Zulip Chat Archive
Stream: new members
Topic: How to "step in"/unfold a function defined as a match?
Kent Van Vels (Nov 21 2024 at 17:29):
I want to prove the following lemma
theorem mnwe (xp xn yp yn : ℕ) (h0 : xp + yn = xn + yp) :
Int.subNatNat xp xn = Int.subNatNat yp yn := by sorry
Int.subNatNat is function that constructs an Int as the signed difference of two Nats. So subNatNat 4 15 = -11 and subNatNat 15 4 = 11.
It is defined as
Int.subNatNat m n = match n - m with
| 0 => Int.ofNat (m - n)
| k.succ => Int.negSucc k
Do I have to do induction on (xp-xn)? I feel like I knew how to do this at some point but I can't find where. I appreciate any help.
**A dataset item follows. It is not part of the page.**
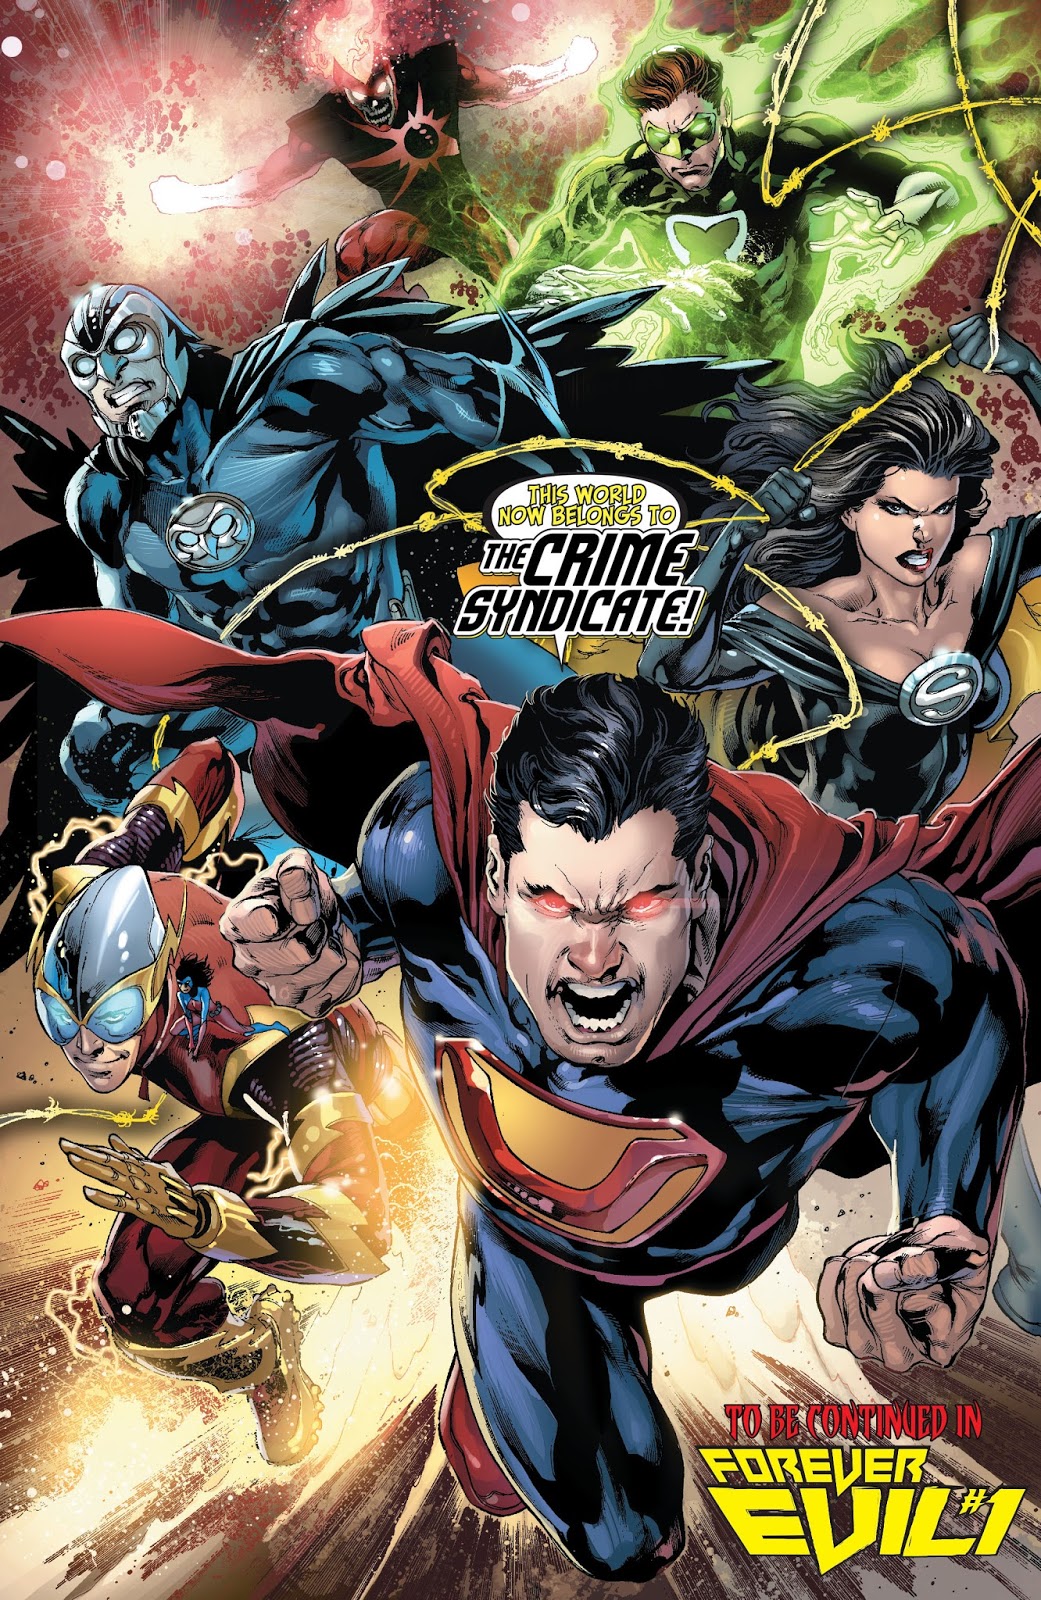 Crime Syndicate from Justice League #23 Trinity War part 6 by Ivan Reis, Joe Prado, and Rod Reis

Eric Wieser (Nov 21 2024 at 17:46):
Does
theorem mnwe (xp xn yp yn : ℕ) (h0 : xp + yn = xn + yp) :
Int.subNatNat xp xn = Int.subNatNat yp yn := by
unfold Int.subNatNat
split
help?
Kent Van Vels (Nov 21 2024 at 17:51):
It might. I will look more into it. I can split again to get the other cases. Thanks.
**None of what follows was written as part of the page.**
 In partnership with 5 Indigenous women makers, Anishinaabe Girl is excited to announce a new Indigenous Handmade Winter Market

Kent Van Vels (Nov 21 2024 at 18:32):
I was able to do it by doing a
lean4 rcases (em (xn <=xp))
and then quite a bit of tedium. But I got it. Thanks for the idea. I will think of way to make it better later.
If anyone is interested, here is the code
theorem mnwe' (xp xn yp yn : ℕ) (h0 : xp + yn = xn + yp) :
Int.subNatNat xp xn = Int.subNatNat yp yn := by
unfold Int.subNatNat
rcases (em (xn ≤ xp)) with (hxnn|hxn)
rcases (Nat.exists_eq_add_of_le hxnn) with ⟨k,hxnn'⟩
have hynn' : yp = yn+k := by linarith
rw [hxnn',hynn']
have ha : xn - (xn + k) = 0 := Nat.sub_self_add xn k
have hb : yn - (yn + k) = 0 := Nat.sub_self_add yn k
rw [ha,hb]
dsimp
rw [Int.ofNat_inj]
repeat rw [Nat.add_sub_cancel_left]
push_neg at hxn
rcases (Nat.exists_eq_add_of_lt) hxn with ⟨k,hxn'⟩
rw [add_assoc,←Nat.succ_eq_add_one] at hxn'
have hyn' : yn = yp + k.succ := by linarith
rw [hxn',hyn']
have ha : xp + k.succ - xp = k.succ := Nat.add_sub_self_left xp k.succ
have hb : yp + k.succ - yp = k.succ := Nat.add_sub_self_left yp k.succ
rw [ha,hb]
Last updated: May 02 2025 at 03:31 UTC